#### DATA EXTRACTS

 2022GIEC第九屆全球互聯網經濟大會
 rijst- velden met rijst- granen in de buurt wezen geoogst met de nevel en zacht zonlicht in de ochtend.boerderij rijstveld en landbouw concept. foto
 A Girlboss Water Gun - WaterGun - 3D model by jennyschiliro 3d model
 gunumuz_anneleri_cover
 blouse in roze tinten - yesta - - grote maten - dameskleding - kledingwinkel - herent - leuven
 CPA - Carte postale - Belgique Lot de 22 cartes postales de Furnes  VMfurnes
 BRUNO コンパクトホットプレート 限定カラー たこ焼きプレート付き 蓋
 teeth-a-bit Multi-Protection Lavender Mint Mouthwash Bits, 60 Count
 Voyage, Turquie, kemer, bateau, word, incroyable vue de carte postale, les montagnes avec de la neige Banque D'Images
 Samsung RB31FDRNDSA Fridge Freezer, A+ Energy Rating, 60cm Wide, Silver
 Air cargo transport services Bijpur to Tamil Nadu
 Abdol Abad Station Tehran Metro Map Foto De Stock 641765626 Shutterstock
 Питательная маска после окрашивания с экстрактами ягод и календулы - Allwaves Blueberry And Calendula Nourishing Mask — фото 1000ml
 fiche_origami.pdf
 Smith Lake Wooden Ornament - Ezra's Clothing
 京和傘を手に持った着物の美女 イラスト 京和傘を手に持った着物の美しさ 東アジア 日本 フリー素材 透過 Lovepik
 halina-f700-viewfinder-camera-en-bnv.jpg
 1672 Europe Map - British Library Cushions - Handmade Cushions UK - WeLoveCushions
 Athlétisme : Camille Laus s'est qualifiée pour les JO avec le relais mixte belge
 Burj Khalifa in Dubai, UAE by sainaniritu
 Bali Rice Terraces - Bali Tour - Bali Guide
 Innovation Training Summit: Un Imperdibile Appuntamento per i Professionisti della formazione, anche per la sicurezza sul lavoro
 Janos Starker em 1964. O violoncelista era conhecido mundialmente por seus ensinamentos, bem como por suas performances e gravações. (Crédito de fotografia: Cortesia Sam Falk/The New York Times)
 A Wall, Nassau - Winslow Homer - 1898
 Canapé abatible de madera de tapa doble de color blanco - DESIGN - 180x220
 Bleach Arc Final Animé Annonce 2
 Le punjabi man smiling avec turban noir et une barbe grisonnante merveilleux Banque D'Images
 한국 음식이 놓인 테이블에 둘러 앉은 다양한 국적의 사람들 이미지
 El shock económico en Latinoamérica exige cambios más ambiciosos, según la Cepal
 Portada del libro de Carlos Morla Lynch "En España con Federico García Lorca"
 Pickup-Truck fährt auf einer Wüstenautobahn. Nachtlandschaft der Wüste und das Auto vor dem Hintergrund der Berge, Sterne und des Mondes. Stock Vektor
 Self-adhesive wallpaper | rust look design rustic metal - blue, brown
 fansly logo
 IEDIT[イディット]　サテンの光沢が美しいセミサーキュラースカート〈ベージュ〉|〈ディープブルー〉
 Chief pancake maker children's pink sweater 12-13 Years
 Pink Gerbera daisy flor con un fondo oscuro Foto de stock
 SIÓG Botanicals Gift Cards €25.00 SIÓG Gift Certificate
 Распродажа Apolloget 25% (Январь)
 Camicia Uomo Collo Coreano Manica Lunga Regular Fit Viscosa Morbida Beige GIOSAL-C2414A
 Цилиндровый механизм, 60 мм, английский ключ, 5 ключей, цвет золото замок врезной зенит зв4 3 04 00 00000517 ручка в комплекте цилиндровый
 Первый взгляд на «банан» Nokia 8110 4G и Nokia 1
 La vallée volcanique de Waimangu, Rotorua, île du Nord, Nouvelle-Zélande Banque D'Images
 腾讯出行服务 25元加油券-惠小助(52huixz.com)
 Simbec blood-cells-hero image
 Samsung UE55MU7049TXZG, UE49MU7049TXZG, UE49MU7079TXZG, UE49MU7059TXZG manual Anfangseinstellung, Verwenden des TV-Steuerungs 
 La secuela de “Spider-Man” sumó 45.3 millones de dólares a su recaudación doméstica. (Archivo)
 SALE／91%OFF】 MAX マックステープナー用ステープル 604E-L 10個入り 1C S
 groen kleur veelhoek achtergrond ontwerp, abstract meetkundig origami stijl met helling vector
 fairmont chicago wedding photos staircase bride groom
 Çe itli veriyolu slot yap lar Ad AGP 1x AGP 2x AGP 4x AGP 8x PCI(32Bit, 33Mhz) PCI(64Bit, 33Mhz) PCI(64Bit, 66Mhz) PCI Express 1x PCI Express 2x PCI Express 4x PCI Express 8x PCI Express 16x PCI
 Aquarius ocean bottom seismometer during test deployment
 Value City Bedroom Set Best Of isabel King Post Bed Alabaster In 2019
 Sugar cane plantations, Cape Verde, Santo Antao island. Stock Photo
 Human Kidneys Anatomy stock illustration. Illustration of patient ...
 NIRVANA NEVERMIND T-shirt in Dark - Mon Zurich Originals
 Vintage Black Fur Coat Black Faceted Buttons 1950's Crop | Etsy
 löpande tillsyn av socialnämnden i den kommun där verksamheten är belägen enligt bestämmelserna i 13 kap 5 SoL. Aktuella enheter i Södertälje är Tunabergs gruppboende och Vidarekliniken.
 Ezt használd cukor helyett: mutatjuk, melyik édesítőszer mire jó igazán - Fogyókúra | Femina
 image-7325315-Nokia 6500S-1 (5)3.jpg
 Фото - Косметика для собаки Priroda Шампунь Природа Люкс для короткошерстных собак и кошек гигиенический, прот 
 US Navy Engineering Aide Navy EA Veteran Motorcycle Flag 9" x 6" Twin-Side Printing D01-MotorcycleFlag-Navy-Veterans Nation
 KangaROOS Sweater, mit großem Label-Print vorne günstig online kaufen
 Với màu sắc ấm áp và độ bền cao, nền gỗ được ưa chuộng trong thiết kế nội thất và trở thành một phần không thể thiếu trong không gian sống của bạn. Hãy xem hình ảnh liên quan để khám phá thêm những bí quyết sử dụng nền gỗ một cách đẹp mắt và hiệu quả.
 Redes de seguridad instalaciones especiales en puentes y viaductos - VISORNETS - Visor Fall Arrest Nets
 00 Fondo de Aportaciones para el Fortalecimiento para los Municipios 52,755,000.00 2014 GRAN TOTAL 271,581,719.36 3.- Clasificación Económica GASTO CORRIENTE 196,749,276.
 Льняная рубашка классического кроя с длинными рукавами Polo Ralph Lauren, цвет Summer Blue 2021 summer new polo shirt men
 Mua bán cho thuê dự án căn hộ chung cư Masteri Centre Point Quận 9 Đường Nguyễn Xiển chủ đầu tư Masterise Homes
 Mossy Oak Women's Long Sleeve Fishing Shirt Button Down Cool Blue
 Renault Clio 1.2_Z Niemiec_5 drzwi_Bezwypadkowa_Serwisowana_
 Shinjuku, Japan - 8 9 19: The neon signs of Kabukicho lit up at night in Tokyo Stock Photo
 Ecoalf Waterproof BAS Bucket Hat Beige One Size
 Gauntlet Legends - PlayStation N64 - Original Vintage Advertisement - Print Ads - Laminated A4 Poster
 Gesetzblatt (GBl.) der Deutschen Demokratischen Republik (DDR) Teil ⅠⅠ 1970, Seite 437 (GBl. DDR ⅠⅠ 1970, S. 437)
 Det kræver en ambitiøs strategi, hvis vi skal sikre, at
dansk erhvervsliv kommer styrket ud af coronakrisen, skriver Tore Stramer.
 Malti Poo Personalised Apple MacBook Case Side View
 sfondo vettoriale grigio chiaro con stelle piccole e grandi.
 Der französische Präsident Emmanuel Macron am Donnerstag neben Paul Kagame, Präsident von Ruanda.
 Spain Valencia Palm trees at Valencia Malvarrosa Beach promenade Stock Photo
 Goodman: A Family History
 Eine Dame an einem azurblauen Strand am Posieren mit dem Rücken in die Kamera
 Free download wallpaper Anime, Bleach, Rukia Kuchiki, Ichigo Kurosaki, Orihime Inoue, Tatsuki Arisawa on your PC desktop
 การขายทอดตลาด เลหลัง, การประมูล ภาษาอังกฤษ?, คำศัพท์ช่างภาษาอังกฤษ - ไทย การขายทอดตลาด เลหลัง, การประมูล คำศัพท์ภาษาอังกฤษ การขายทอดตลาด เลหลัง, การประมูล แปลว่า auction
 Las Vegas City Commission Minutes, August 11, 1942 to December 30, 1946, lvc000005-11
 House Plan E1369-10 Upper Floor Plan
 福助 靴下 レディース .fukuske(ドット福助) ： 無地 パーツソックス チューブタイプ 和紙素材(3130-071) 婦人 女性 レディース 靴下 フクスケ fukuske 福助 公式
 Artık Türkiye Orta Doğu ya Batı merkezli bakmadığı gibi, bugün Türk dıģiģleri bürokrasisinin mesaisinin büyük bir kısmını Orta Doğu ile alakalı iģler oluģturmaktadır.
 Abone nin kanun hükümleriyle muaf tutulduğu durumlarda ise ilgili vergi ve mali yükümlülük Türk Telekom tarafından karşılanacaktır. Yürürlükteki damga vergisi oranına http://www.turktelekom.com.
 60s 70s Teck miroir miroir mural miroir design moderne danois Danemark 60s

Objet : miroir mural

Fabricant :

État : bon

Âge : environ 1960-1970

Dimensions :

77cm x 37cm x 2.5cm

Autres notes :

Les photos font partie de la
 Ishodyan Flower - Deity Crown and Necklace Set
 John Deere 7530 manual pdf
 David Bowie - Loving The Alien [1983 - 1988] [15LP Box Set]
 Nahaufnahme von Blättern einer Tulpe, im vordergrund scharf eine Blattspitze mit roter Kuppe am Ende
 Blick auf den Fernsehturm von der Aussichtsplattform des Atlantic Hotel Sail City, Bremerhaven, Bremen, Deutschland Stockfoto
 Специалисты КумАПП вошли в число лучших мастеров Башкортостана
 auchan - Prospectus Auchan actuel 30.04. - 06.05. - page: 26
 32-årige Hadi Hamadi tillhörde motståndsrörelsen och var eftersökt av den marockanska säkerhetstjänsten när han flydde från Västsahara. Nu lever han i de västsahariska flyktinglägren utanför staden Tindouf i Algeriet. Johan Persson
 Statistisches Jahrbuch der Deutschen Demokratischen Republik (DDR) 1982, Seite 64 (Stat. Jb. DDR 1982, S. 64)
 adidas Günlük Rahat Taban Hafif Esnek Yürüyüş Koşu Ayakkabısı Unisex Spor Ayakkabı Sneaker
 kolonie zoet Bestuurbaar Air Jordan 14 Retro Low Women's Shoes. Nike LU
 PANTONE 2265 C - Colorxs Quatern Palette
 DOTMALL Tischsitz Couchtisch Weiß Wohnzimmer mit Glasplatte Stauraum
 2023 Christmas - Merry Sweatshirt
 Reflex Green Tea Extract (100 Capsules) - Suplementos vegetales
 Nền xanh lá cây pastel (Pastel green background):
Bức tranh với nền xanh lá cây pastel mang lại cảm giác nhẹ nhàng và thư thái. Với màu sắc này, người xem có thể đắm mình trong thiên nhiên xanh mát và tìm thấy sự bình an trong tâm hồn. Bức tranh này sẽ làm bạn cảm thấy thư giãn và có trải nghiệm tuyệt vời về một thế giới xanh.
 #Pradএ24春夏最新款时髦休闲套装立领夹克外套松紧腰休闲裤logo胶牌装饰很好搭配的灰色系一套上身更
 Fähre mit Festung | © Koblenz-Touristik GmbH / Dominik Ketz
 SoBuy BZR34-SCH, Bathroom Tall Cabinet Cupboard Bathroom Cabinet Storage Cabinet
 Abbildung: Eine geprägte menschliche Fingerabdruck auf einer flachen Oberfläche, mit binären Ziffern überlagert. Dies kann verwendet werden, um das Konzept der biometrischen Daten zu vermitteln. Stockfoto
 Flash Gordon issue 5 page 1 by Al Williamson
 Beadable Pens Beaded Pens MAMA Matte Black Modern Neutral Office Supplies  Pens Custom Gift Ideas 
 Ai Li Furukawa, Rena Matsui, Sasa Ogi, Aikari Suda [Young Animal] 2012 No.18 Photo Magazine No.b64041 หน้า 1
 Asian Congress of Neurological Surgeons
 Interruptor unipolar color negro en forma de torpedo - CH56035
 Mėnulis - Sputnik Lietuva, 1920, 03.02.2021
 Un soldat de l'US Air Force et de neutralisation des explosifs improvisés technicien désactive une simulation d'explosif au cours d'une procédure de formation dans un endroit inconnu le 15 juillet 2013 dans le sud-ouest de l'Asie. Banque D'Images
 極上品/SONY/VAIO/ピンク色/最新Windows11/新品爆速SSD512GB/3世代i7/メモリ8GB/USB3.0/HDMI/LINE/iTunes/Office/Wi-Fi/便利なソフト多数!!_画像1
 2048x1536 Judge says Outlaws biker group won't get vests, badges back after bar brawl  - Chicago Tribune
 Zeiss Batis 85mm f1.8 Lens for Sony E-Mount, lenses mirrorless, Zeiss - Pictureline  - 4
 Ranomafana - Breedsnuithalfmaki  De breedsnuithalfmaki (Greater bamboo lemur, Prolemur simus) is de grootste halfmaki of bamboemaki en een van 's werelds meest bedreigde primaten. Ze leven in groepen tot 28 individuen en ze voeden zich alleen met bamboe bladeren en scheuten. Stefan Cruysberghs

########

# WORK ORDER
Only the lines from the one containing "Reflex Green Tea" through the one containing "Flash Gordon issue 5 page 1 by Al Williamson" are to be retyped, both boundary lines included, with no other material.

# RESPONSE FOR THIS EXERCISE
 Reflex Green Tea Extract (100 Capsules) - Suplementos vegetales
 Nền xanh lá cây pastel (Pastel green background):
Bức tranh với nền xanh lá cây pastel mang lại cảm giác nhẹ nhàng và thư thái. Với màu sắc này, người xem có thể đắm mình trong thiên nhiên xanh mát và tìm thấy sự bình an trong tâm hồn. Bức tranh này sẽ làm bạn cảm thấy thư giãn và có trải nghiệm tuyệt vời về một thế giới xanh.
 #Pradএ24春夏最新款时髦休闲套装立领夹克外套松紧腰休闲裤logo胶牌装饰很好搭配的灰色系一套上身更
 Fähre mit Festung | © Koblenz-Touristik GmbH / Dominik Ketz
 SoBuy BZR34-SCH, Bathroom Tall Cabinet Cupboard Bathroom Cabinet Storage Cabinet
 Abbildung: Eine geprägte menschliche Fingerabdruck auf einer flachen Oberfläche, mit binären Ziffern überlagert. Dies kann verwendet werden, um das Konzept der biometrischen Daten zu vermitteln. Stockfoto
 Flash Gordon issue 5 page 1 by Al Williamson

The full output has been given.